El ninja de Kiikagure sonrió, acostumbrado ya a ese tipo de conversaciones entre sus dos compañeros. Entre Darui, Kurotsuchi y él había una apuesta de cuánto tardarían Temari y Shikamaru en empezar una relación amorosa. El más pesimista era Darui, que apostaba que estaban demasiado ciegos como para darse cuenta. Ahora que Chojuro lo pensaba, quizá tuviera razón.
-A mi no me importa ir a conocer la aldea después de comer -dijo, interrumpiendo la discusión, que de alguna forma había derivado a Temari haciendo trampas en el shogi-. Me gustaría poder saber más de Konoha.
-Bien, entonces vamos al hotel a descargar y luego a comer en algún restaurante -propuso Temari.
Los dos chicos asintieron y echaron a andar en sincronía, hablando sobre el viaje, los exámenes que iban a planificar, los lugares que verían esa tarde… Era agradable charlar de aquella forma, no solo como compañeros, sino también como amigos. Fueron a comer a un restaurante distinto a donde Shikamaru llevó a Temari en su cita, pero definitivamente de la misma calidad. También visitaron el mercado, el cementerio, los campos de entrenamiento… No fue hasta que la tarde cayó que acudieron a la oficina del Hokage. Pese a que Kakashi ya sabía de su presencia, se vio obligado a darles una vaga reprimenda por no haber ido a presentarse antes de descansar. Después de ello el Nara acompañó a sus compañeros al hotel para que pudieran descansar del viaje antes de ponerse a trabajar al día siguiente. Organizar los exámenes de chunin no era tarea fácil -Shikamaru y Temari podían dar fe de ello-, pero ese grupo se organizaba bien. Al fin y al cabo todos ellos eran esenciales para sus aldeas y el Consejo de la Alianza. Por no decir que uno de ellos ya estaba nominado para ser el próximo Mizukage. Puede que Chojuro hubiera madurado con la guerra haciendo crecer su carácter, pero aún se le ponían las mejillas de color cuando le comentaban aquel tema. Por su parte, Mei estaba enseñándole lo necesario para llevar la aldea a la vez que el shinobi atendía sus deberes con la Alianza. La organización de los exámenes era una prueba más para que demostrase que estaba listo.

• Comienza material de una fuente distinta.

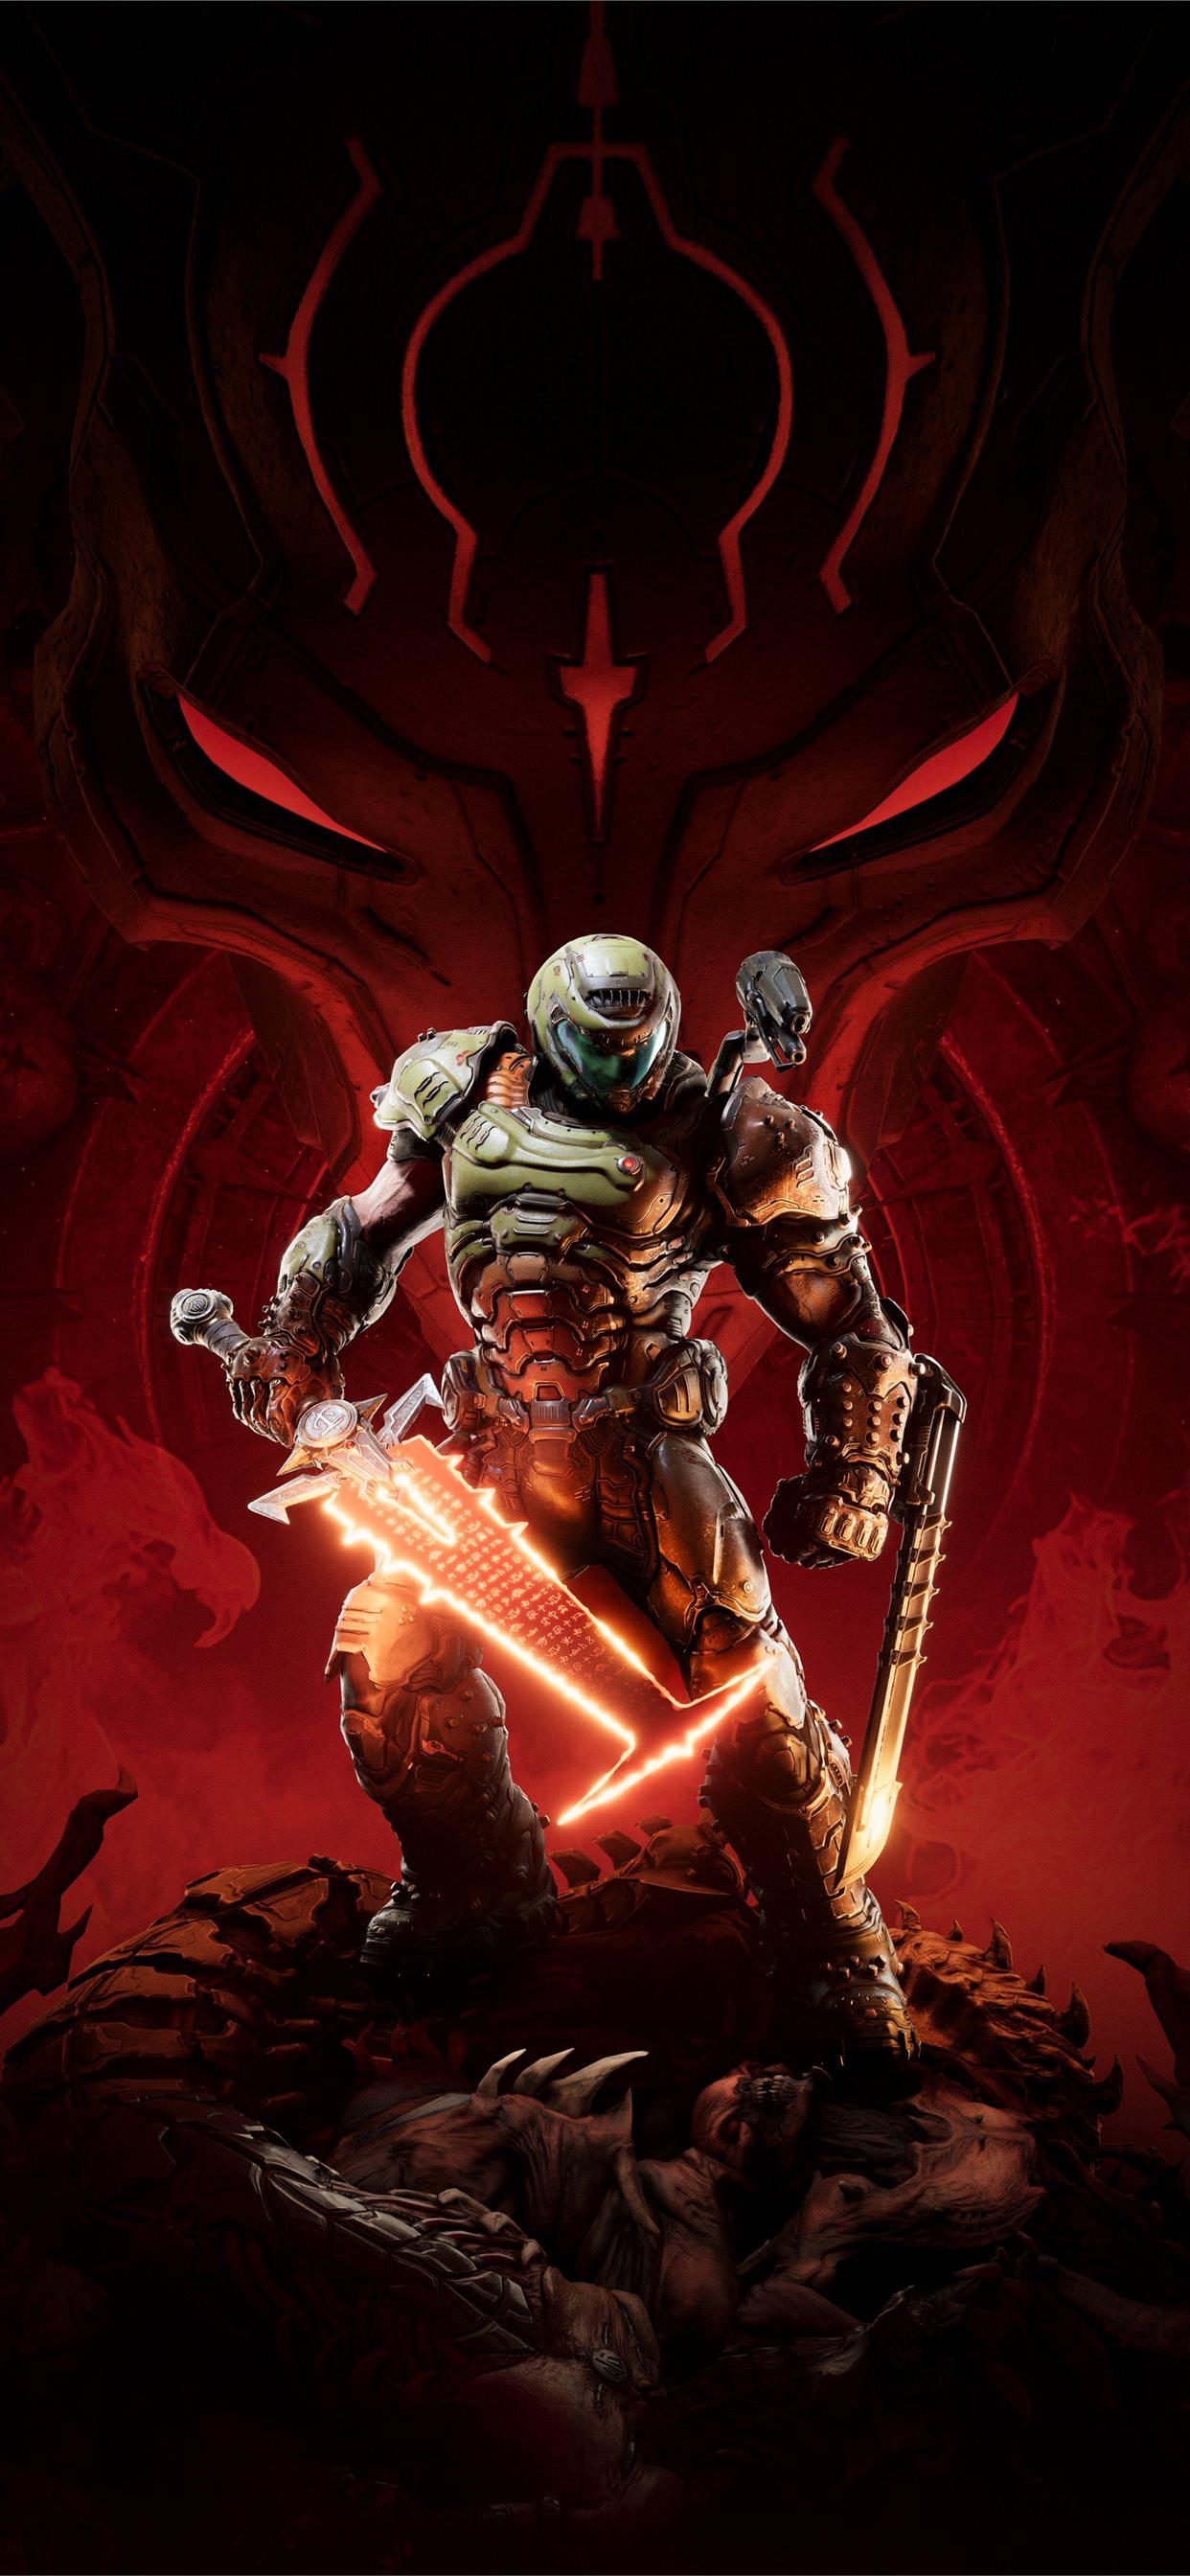 Doom Eternal 5k Game Iphone X Wallpapers Free Download

.-.-.-.-.-.-.-.-.-.-.-.-.-.-.-.-.-.-.-.-.-.-.-.-.-.-.-.-.-.-.-.-.-.-.-.-.-.-.-.-.-.-.-.-.-.-.-.-.-.-.-.-.-.-.-.-.-.-.-.-.-.-.-.-.-.-.-.-.-.-.-.-.-
La mañana siguiente trajo consigo un cielo completamente azul, sin nubes, cosa de lo que Shikamaru se percató al salir de casa tras despedirse de su madre. Con el paso del tiempo Yoshino se había recuperado de la pérdida de su esposo -todo lo que una persona podía recuperarse-, y ahora continuaba su vida cuidando de Shikamaru, asegurándose de que creciera para ser un hombre como su padre. Aunque claro, los gritos de la mujer hacia el perezoso de su hijo no habían ido en decrecimiento; había cosas que nunca cambiaban.
Cuando llegó a la oficina que Kakashi había dejado a su disposición, se encontró con que sus dos compañeros ya se encontraban dentro, cada uno con un café y charlando animadamente sobre algún tema que no pudo reconocer.
-Shikamaru, por fin apareces -dijo Temari, llevándose el vaso a los labios y tomando un sorbo-. Ya llevamos casi media hora esperando a que hicieras acto de presencia.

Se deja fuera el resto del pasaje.